With the images removed, write out every line below exactly.

> _INFORMATION PROVIDED_:
* * *

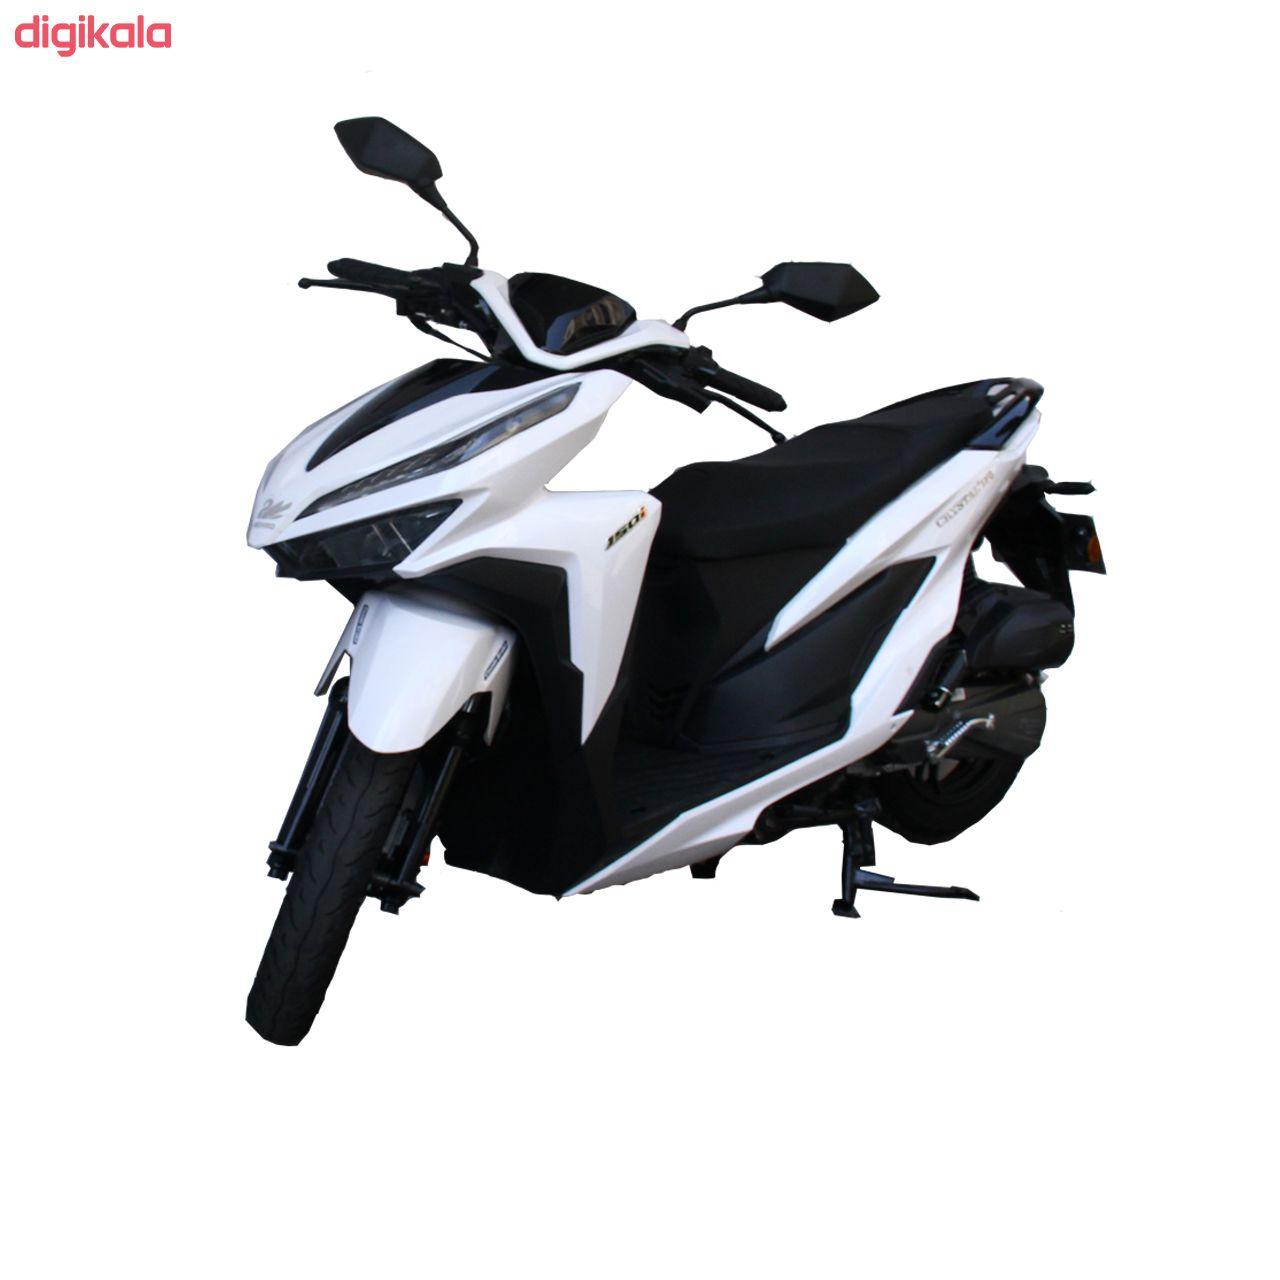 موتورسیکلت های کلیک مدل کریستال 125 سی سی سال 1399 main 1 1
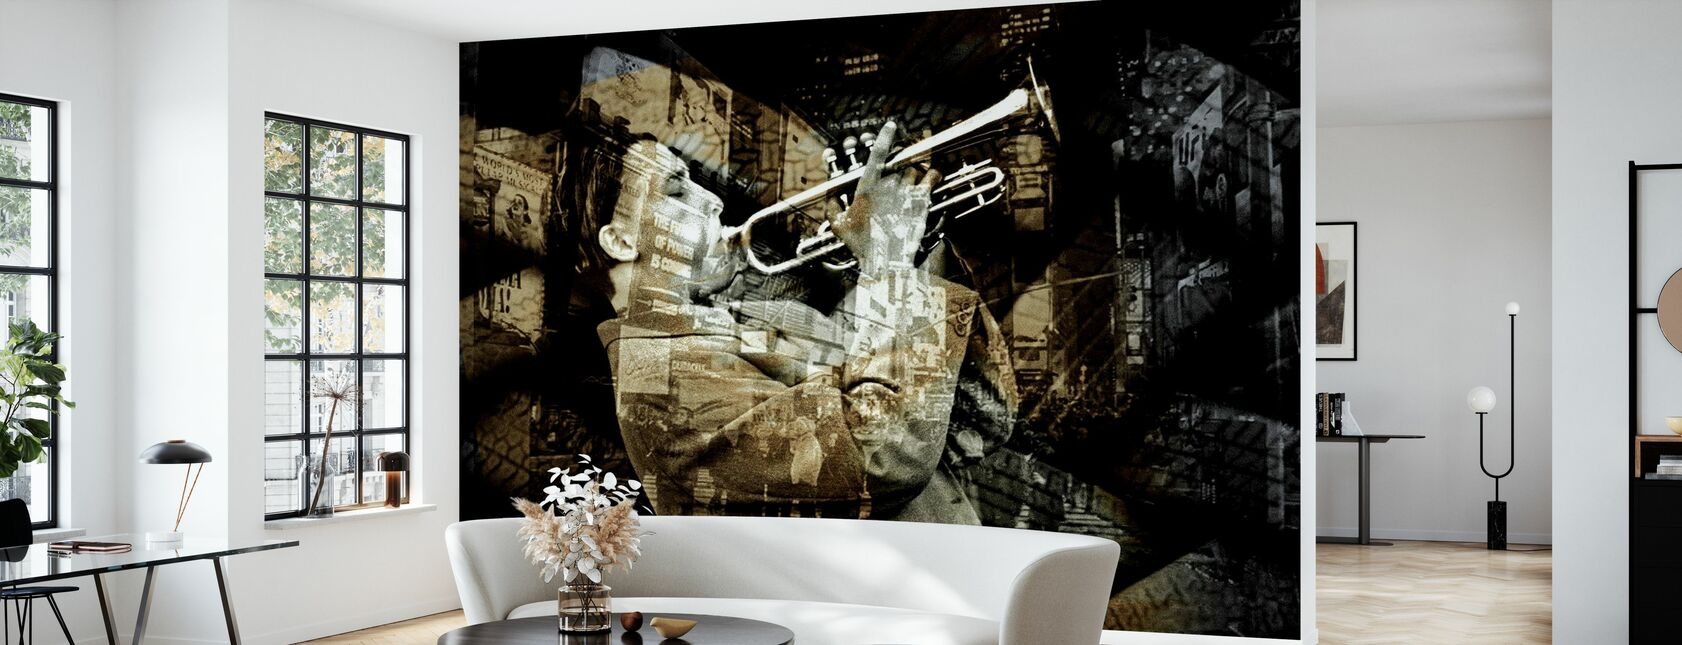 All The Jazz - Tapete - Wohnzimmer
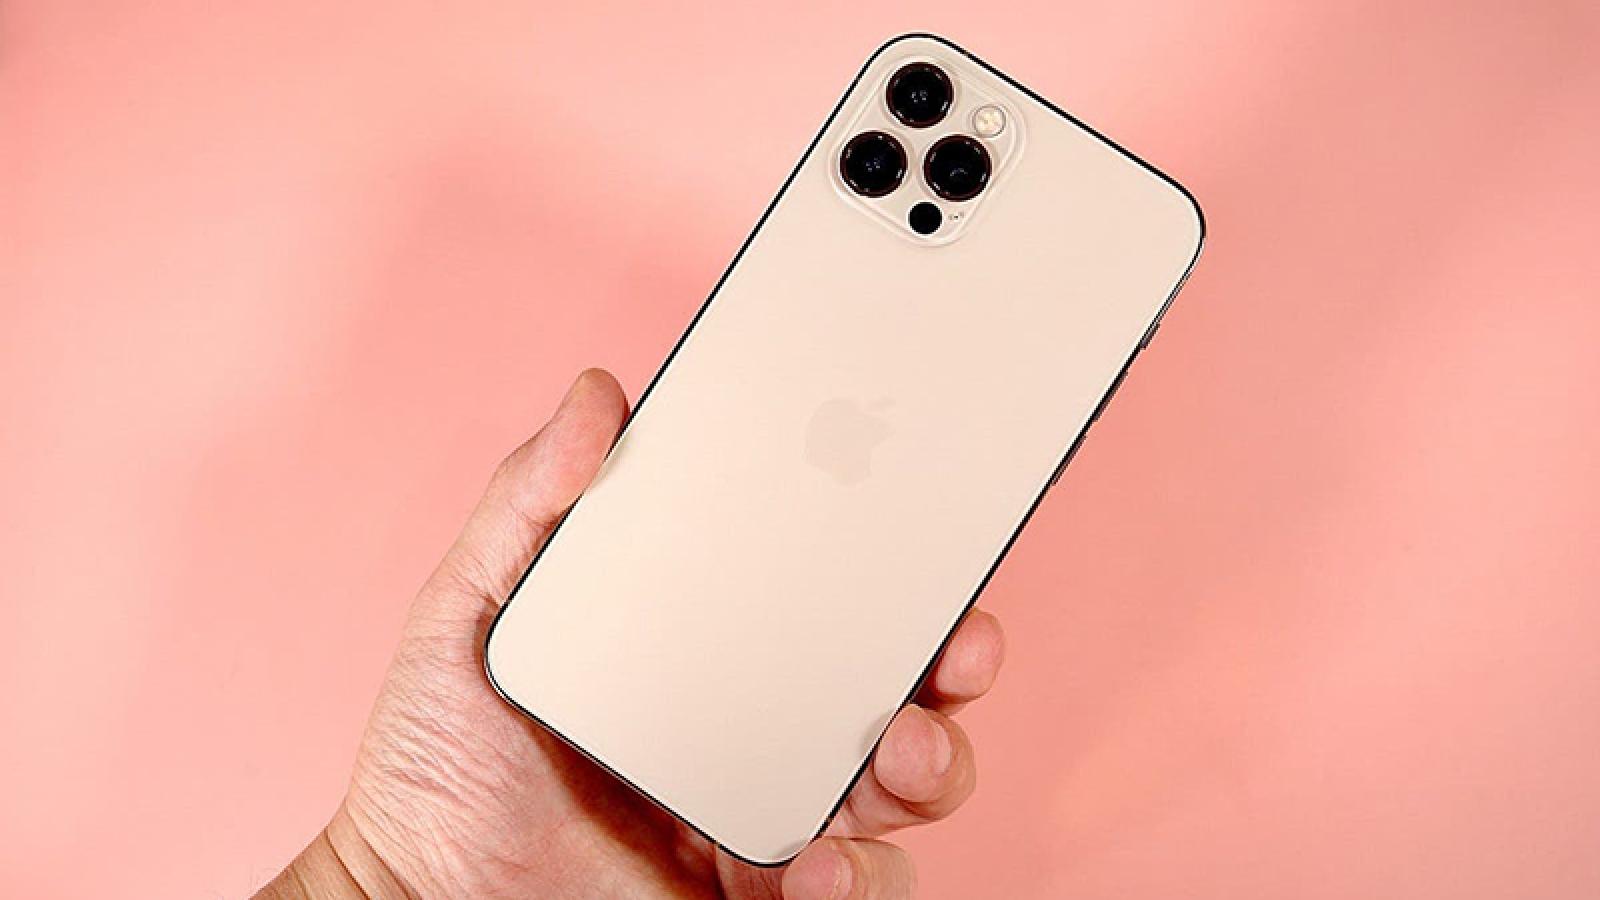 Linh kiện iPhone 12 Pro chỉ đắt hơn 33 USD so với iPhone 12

* * *

> _WRITTEN SOLUTION_:
 موتورسیکلت های کلیک مدل کریستال 125 سی سی سال 1399 main 1 1
 All The Jazz - Tapete - Wohnzimmer
 Linh kiện iPhone 12 Pro chỉ đắt hơn 33 USD so với iPhone 12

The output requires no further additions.